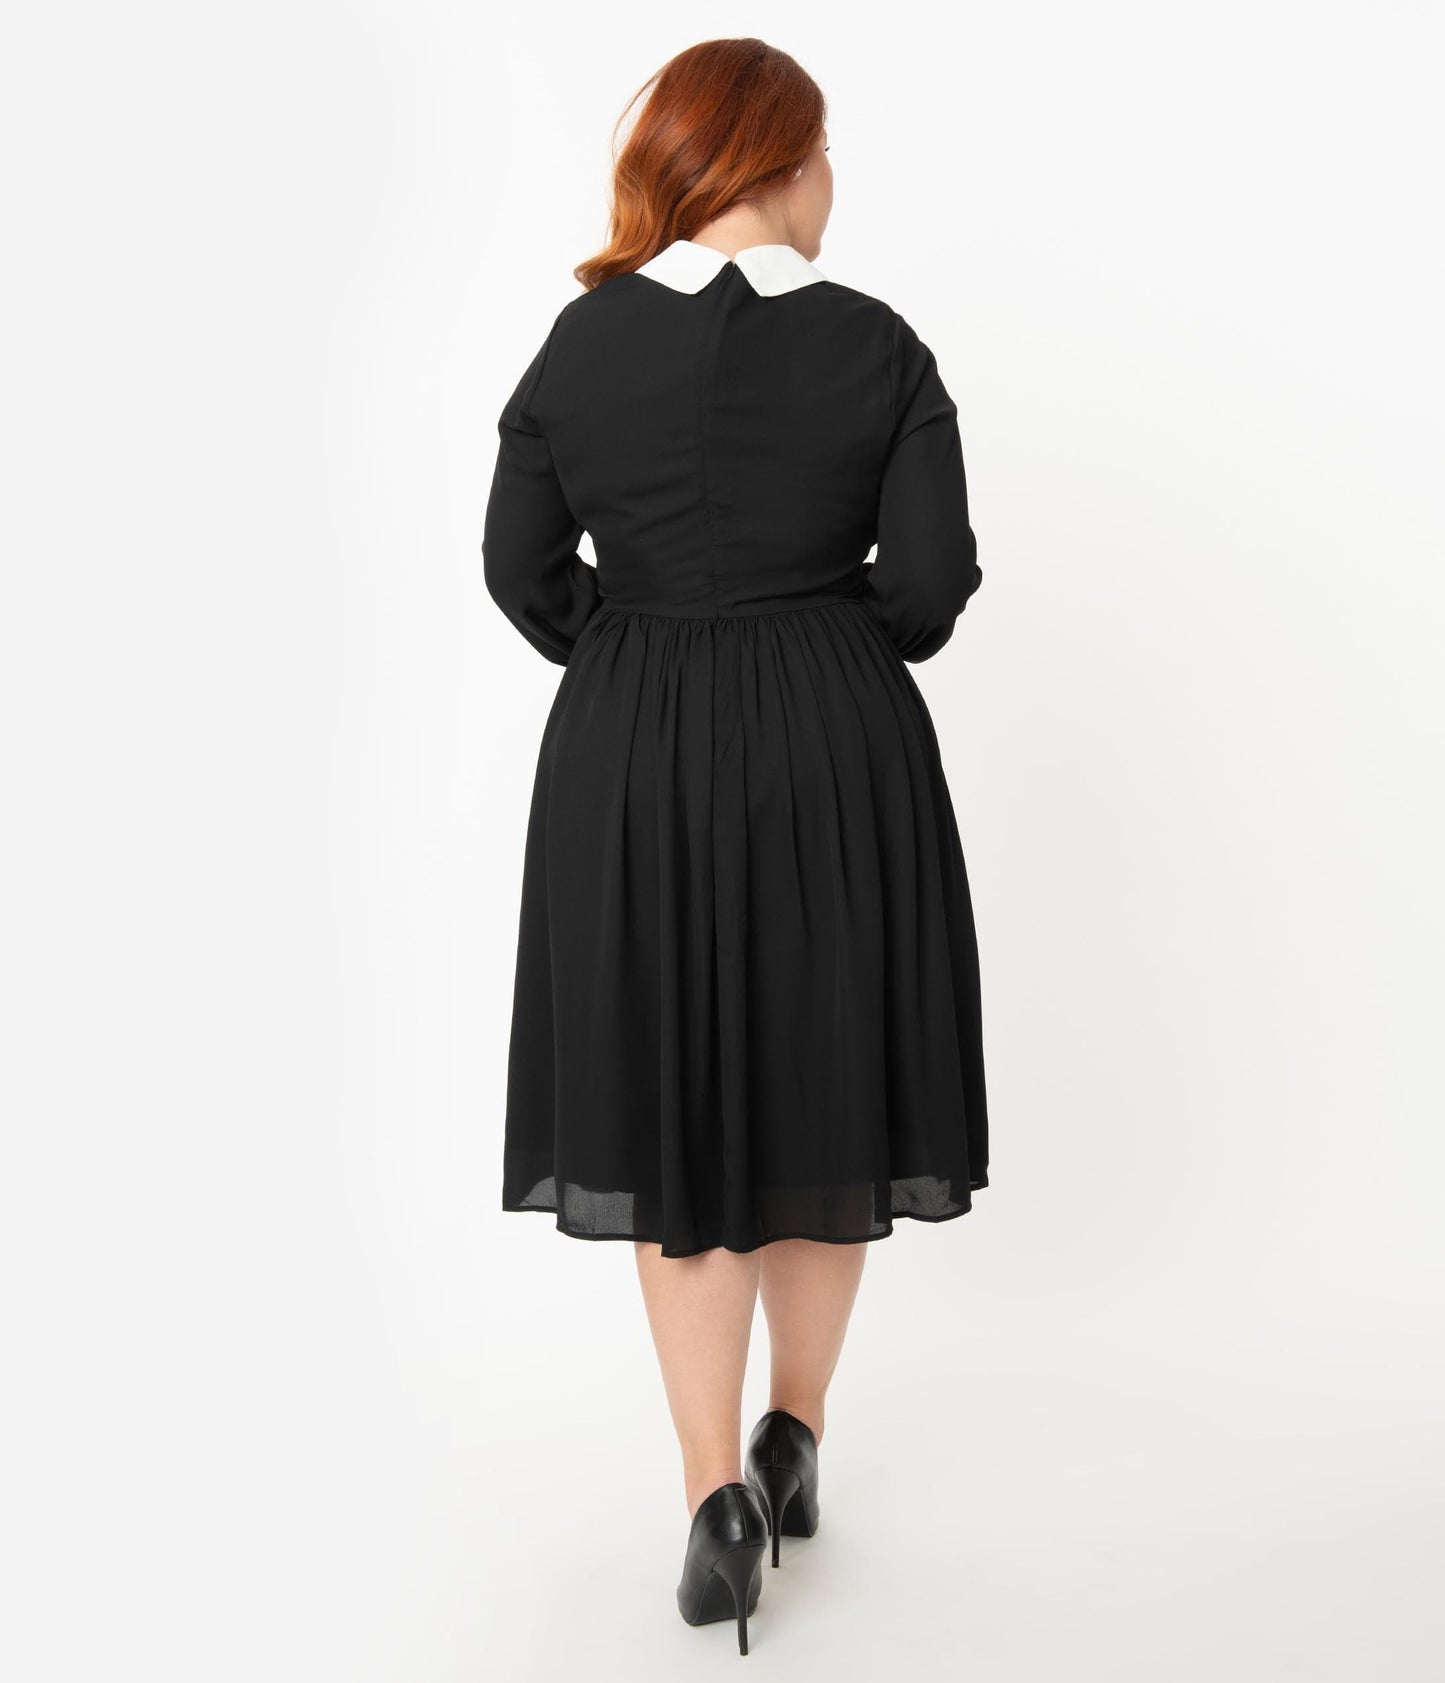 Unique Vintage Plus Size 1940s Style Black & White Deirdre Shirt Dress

○ ○ ○ ○

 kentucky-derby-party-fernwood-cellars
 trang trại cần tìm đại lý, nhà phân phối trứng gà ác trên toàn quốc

○ ○ ○ ○

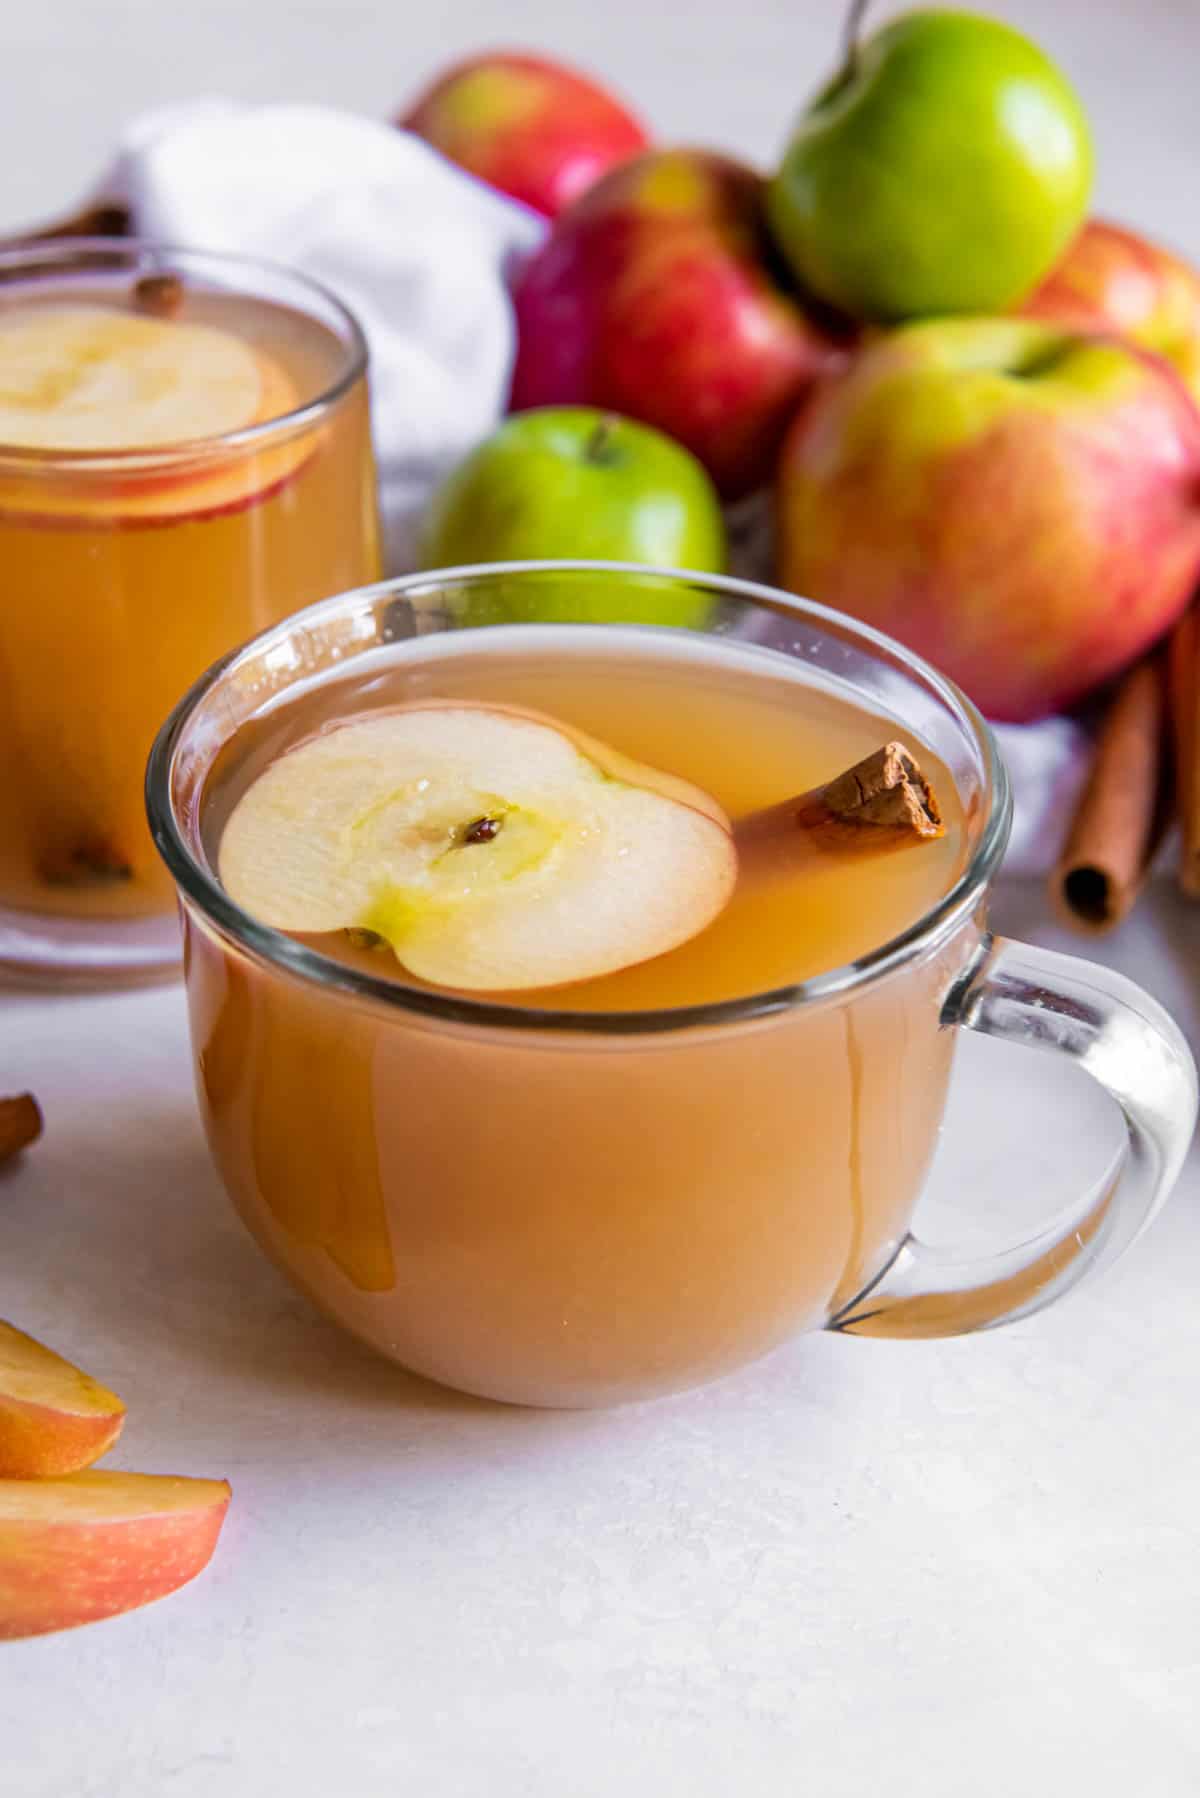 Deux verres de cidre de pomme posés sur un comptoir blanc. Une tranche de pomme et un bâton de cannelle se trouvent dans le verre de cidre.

○ ○ ○ ○

Only one stretch of the records above is wanted: the lines between the one holding "kentucky-derby-party-fernwood-cellars" and the one holding "trang trại cần", inclusive, reproduced exactly.

 kentucky-derby-party-fernwood-cellars
 trang trại cần tìm đại lý, nhà phân phối trứng gà ác trên toàn quốc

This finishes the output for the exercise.